The difference in the numbers in Charlotte County underscores the subjective science of determining which deaths that occurred during the storm were caused by it, at least in part.

Some findings are obvious, as when a person drowns after their house floods during a hurricane. But some are less clear.

In other Florida counties, medical examiners added four suicides, a homicide, car crashes and several heart attacks to the state’s official hurricane death toll, determining that circumstances caused by the storm contributed to the deaths.

It is relatively common for death counts to change: In Lee County, the medical examiner decided that six deaths reported by the sheriff were not connected to Ian. Some Florida counties continued to add deaths this week, meaning the current count may not be final.

Some left home, then became trapped.

Ian Conway, 61, a retired pilot, lived in a tan one-bedroom house in a mobile home community in Estero, on the banks of the Estero River. Living in a flood-prone area, he had always assured Margot Conway, one of his two daughters, that he would go to a shelter if a serious hurricane came through.

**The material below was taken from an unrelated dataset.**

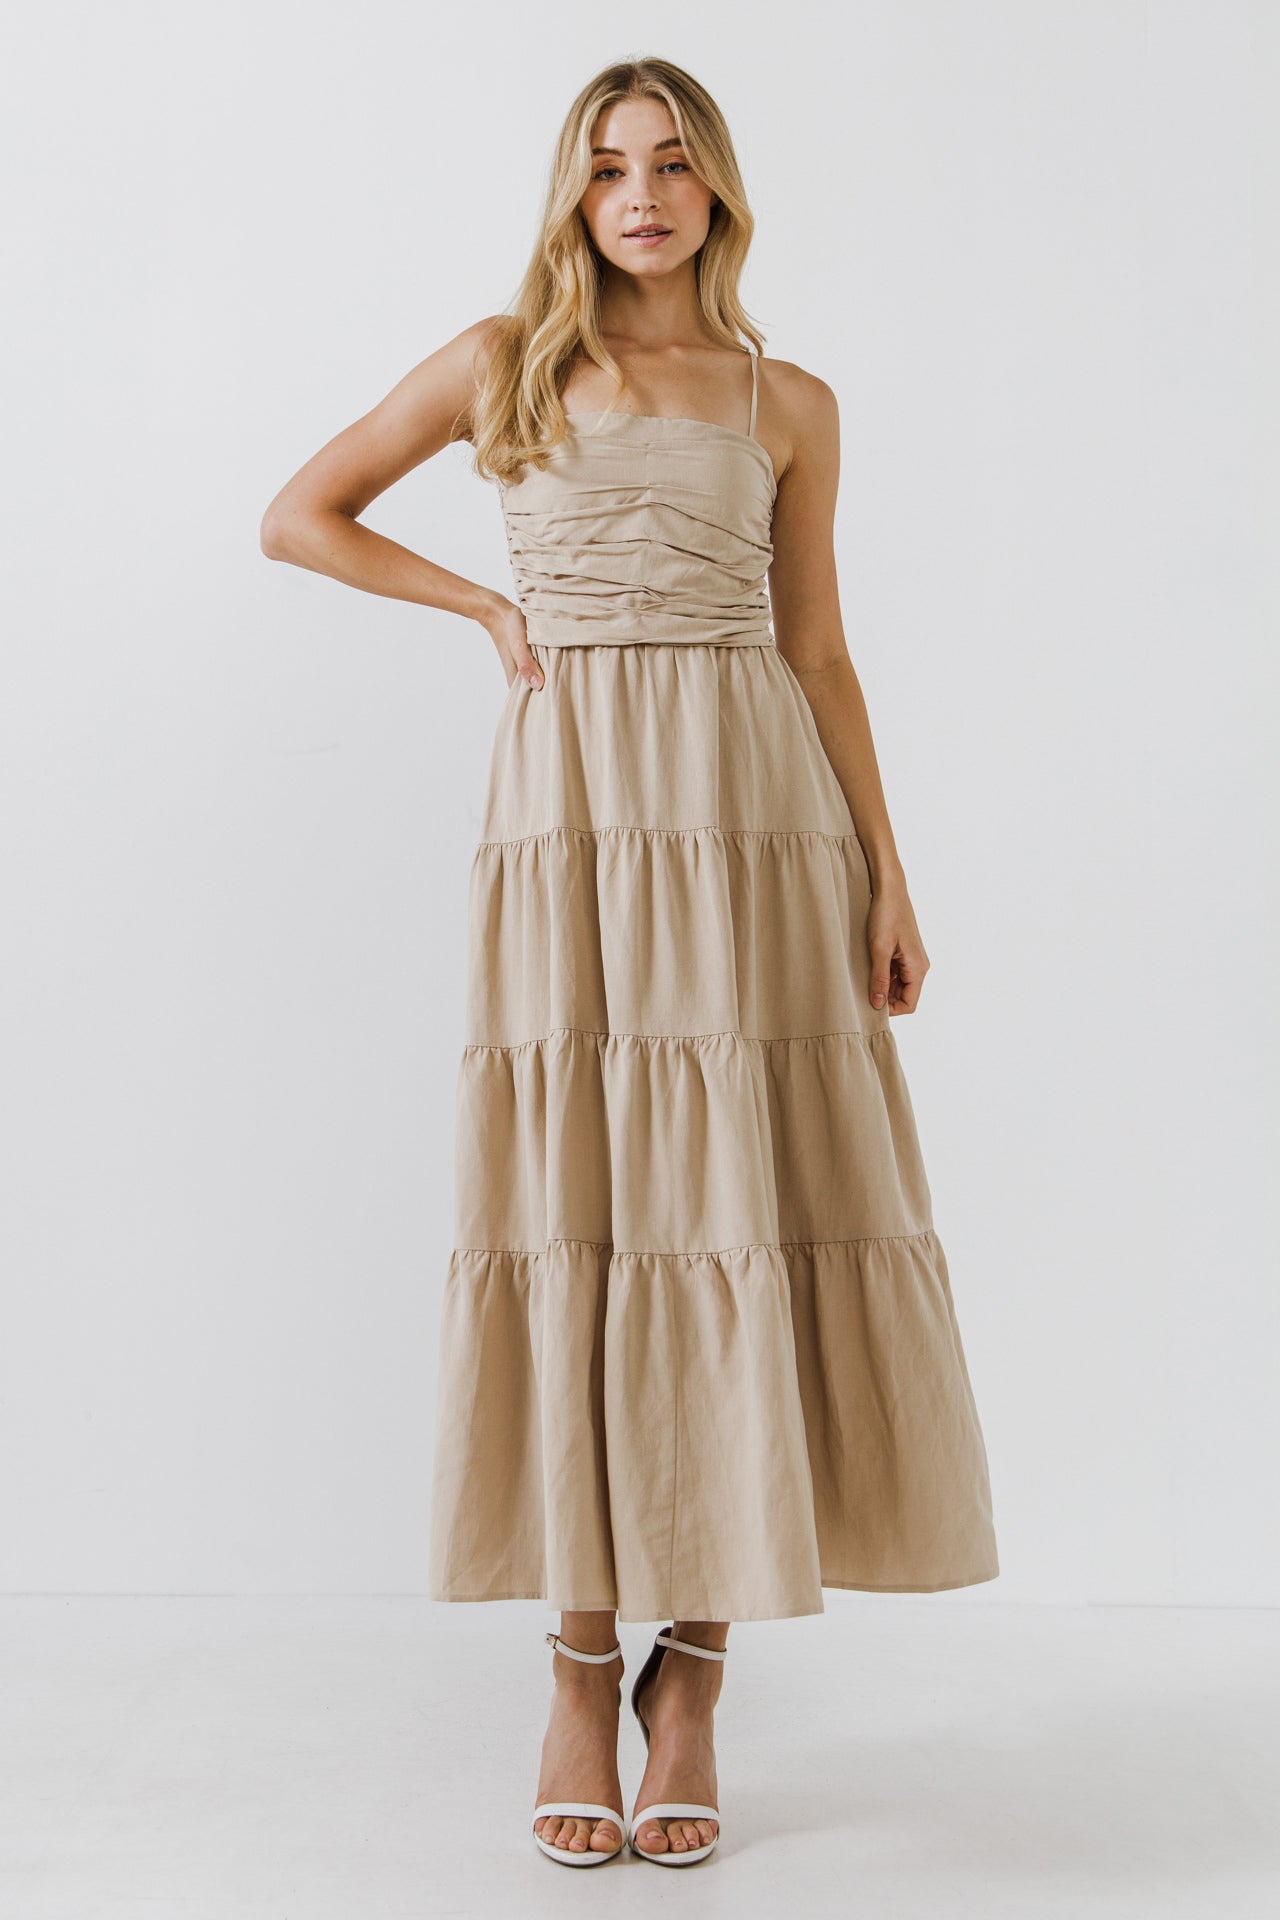 FREE THE ROSES - Strappy Draped Linen Dress - DRESSES available at Objectrare

The morning that Hurricane Ian hit, he sent an email to his siblings saying that he was headed to a shelter, Margot Conway said. But he never made it there.

Just before 7 a.m. the next day, a neighbor called her in Washington state. Her father had been found dead from drowning, draped over a bench at the shuffleboard court across the street from his home.

His death was one of several in which people left home, either to seek shelter, make final preparations or assess damage, only to wind up becoming victims.

This past summer, Ian Conway’s health had worsened. Margot Conway, an emergency room nurse, had urged her father to go into assisted living, but he wanted to live on his own.

Ten days after the hurricane, she spent a quiet moment at the funeral home with her father’s remains, playing his favorite song by The Smiths.

“I got to say goodbye,” she said. “I didn’t think I was going to be able to.”